The bad 2-3 weeks I had was not period-related. I have been unable to find a cause. I am more stressed now than then, so I can't blame stress.

I accept that I will probably never know what caused that particular blast of hell, but I hope someday to know what in general causes the disease ..... This hope is fueled by the knowledge that people are researching the problem, and that all we need is money poured into research and collectively we will find the cause of the disease. I have no clue how to make money, as my personal life attests, but the Foundation is working on it, so I give them what I can.

[badnights]

I had a bad experience the other day. I was told I had to go to a workshop in a different city Dec 4 & 5. I have an appointment with my GP for the morning of Dec 6, the last one before she leaves for 5 months. Although there is a flight back the night of the 5th, I don't like leaving things so tight. So I called the clinic to re-schedule. I won't get into the perpetual problems with making appointments at that clinic, but I got on a waiting list for the week of Nov. 28. Apparently, we can only be on the list for a week, so I had to pick a week.

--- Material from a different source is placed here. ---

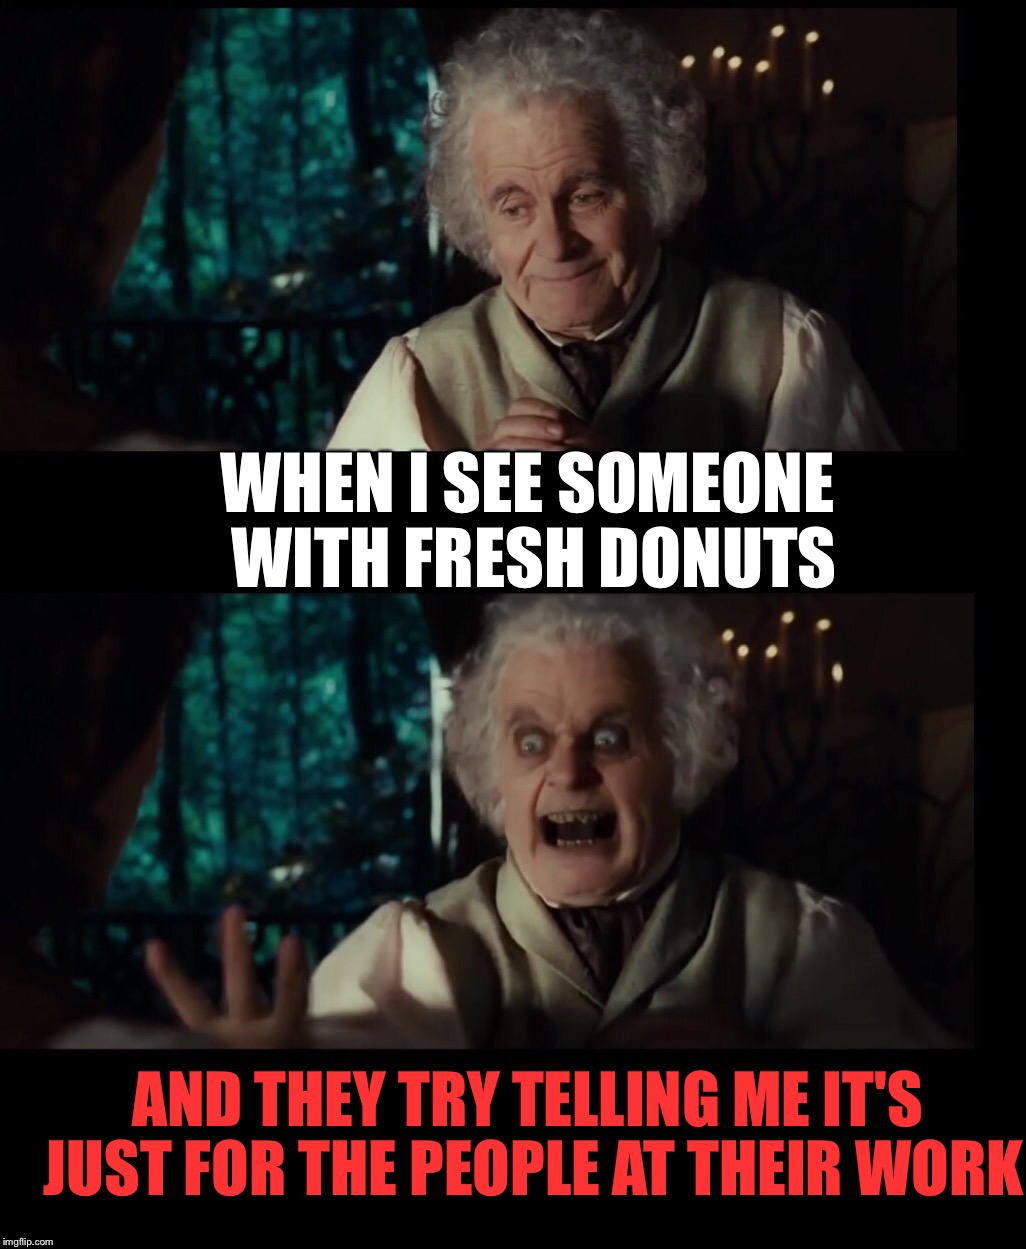 WHEN I SEE SOMEONE WITH FRESH DONUTS; AND THEY TRY TELLING ME IT'S JUST FOR THE PEOPLE AT THEIR WORK | image tagged in memes,donuts,lotr,my precious,fresh,lord of the rings | made w/ Imgflip meme maker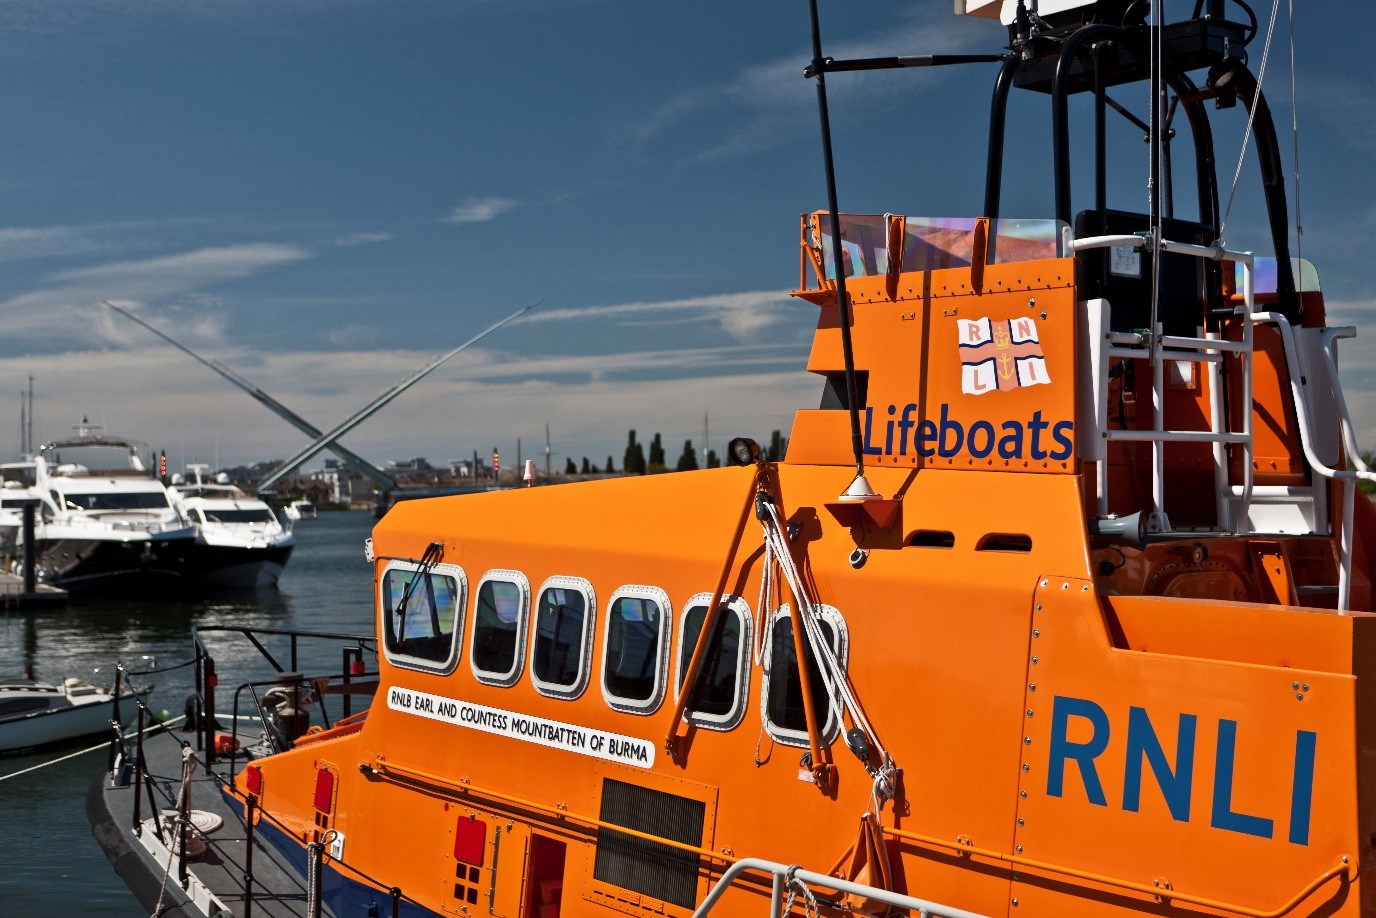 RNLI lifeboat on the water

For some reason they decided to call me last week, because they had a cancellation. I declined, partly because it was too soon (I had just seen my doctor on Oct 8!) and mainly because my appointment, as scheduled by my doctor herself, was for 30 minutes, whereas the cancelled one was only 15. When I told the woman who was calling that I couldn't accept because it was only 15 minutes, she said "Well" in a tone that meant "why not" or "you should accept", followed by:

"It's just about your legs, isn't it?"

I was not very quick on the response. I said, "No, it's about my disease". But I was horrified. She sees my chart or something. I don't know who she is, maybe I see her on the street, but she knows that I take opioids and she thinks that IT"S JUST ABOUT MY LEGS! She thinks whatever is wrong is trivial and not worth 30 minutes of the doctor's time!

I will have to mention it to my doctor. I have to change the impression people have of this disease, even if only at this one clinic. I am scared to be confrontational. But I have to try.